For the given matrix dimensions, what is the optimal blocking factor $B$? What is the performance improvement using cache blocking over the naive code? It turns out that the block size $B{\times}B$ which yields the lowest miss rate is much smaller than what one might expect based solely on the 4 KiB capacity of the L1 data cache. What is the reason for this? (Hint: Consider the access pattern within a block, particularly how the rows of the rectangular matrices map to cache sets and which type of cache misses dominate for larger $B$.)

Cache Parameters

Navigate to CS152Configs.scala and examine the definition of CS152RocketConfig.

In Rocket Chip, a Config is a Scala class that sets one or more generator parameters to specific values. Configs are additive, can override each other, and can be composed of other Configs. CS152RocketConfig is an example of a Config that combines other Configs through the ++ operator. The constituent Configs are applied from right to left (or from bottom to top) in the chain, by reverse order of precedence. Thus, a Config appearing to the left of (or above) another Config overrides any parameters previously set by the latter. For more information on the Rocket Chip parameter system, read through the Chipyard documentation.5

In CS152RocketConfig, change the associativity of the L1 data cache to 2 by modifying WithL1DCacheWays parameter, while also adjusting WithL1DCacheSets to keep the overall cache size constant. Rebuild the simulator and re-run your blocked matrix transpose version (with your most optimal block size). Repeat this with 4 and 8 ways.

Tip: For fast simulation, try using FastCS152RocketConfig. Simply replace
CONFIG=CS152RocketConfig in the make command with CONFIG=FastCS152RocketConfig.

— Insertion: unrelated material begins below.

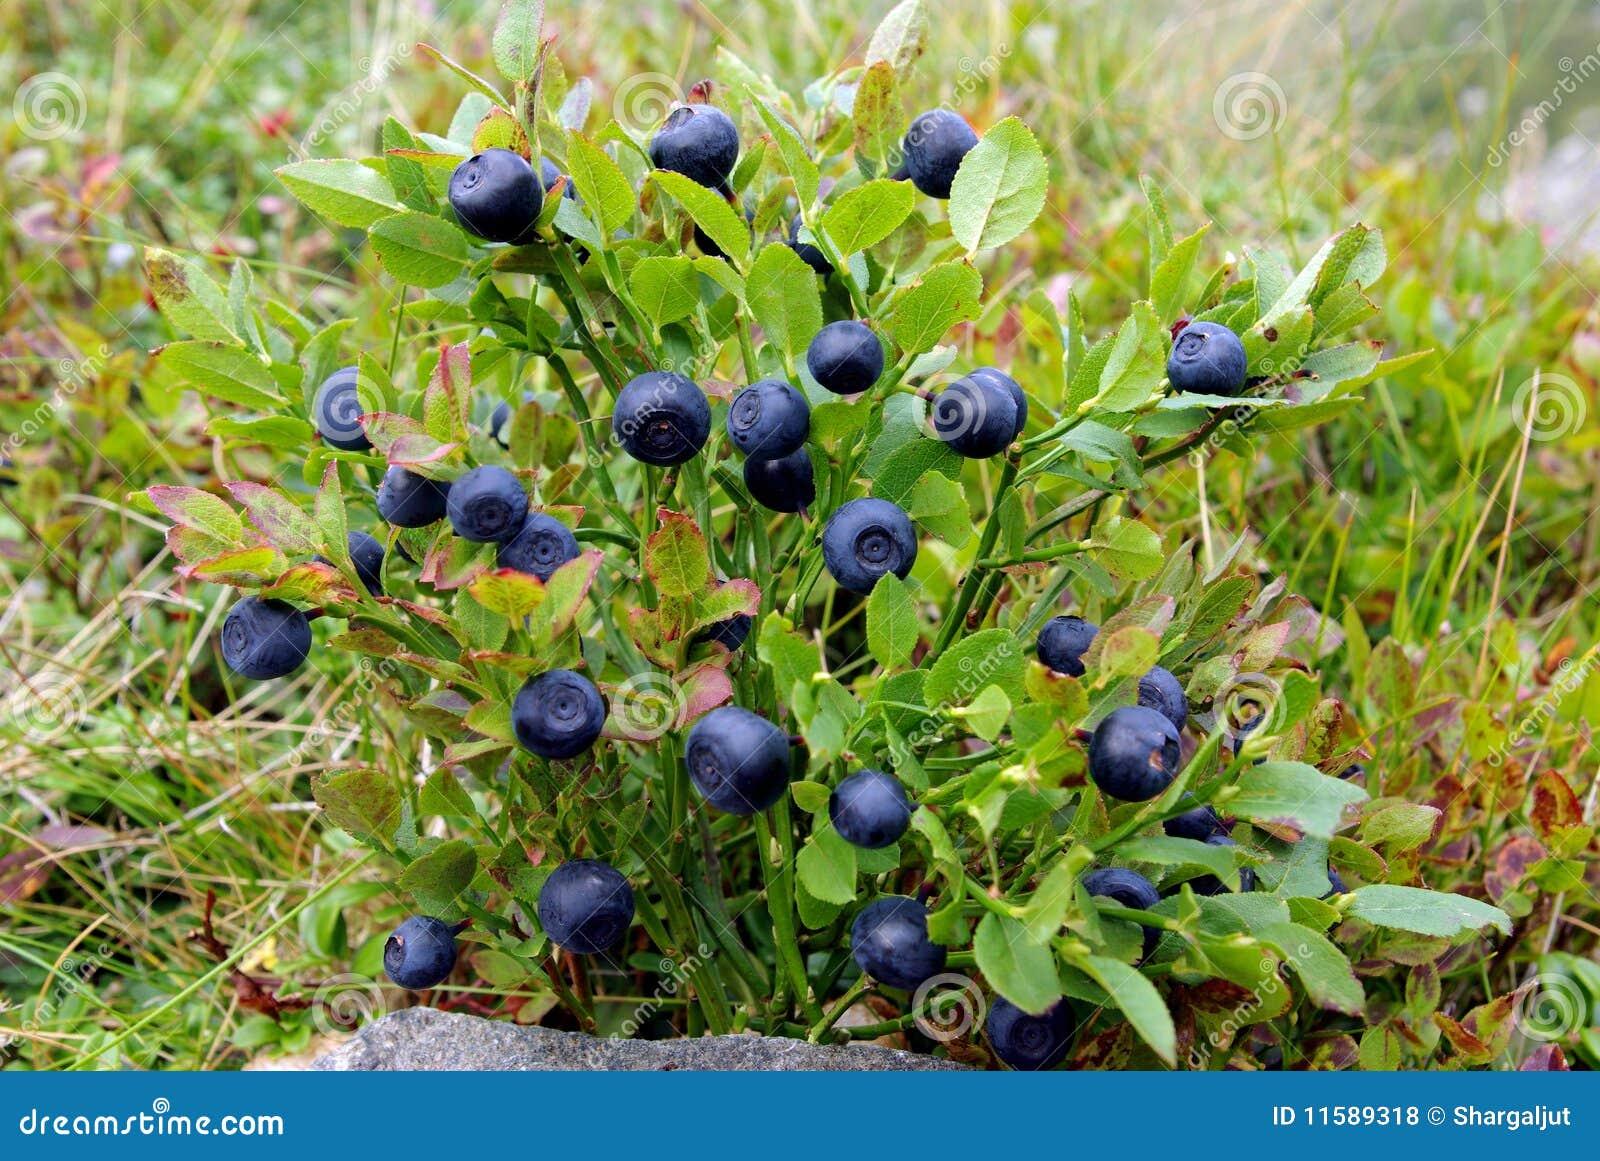 Blueberry Bush Stock Photo Image Of Healthfull Mountain

How does performance and miss rate change when associativity is increased? Explain why higher associativity is or is not beneficial for this particular kernel.

Feedback Portion

In order to improve the labs for the next offering of this course, we would like your feedback. Please append your feedback to your individual report for the directed portion. These questions are also placed at the bottom of the open-ended part of the lab for your convenience.

  • How many hours did the directed portion take you?

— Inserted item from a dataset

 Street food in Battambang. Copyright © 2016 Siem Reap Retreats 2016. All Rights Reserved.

  • How many hours did you spend on the open-ended portion?

  • Was this lab boring?

  • What did you learn?

  • Is there anything that you would change?

Feel free to write as much or as little as you prefer (a point will be deducted only if left completely empty).

Team Feedback

In addition to feedback on the lab itself, please answer a few questions about your team:

  • In one short paragraph, describe your contributions to the project.

  • Describe the contribution of each of your team members.

  • Do you think that every member of the team contributed fairly? If not, why?

  1. Also known as RV64GC, with G (“general-purpose”) being the canonical shorthand for “IMAFD” 

  2. Although Rocket Chip can generate multi-core instances, this lab will feature only single-tile instances. 

  3. Note that in-flight and recently retired instructions may or may not be reflected when reading the performance counters. 

  4. These prints show signals from Rocket’s writeback stage each cycle; refer to line 980 of $ to identify each field.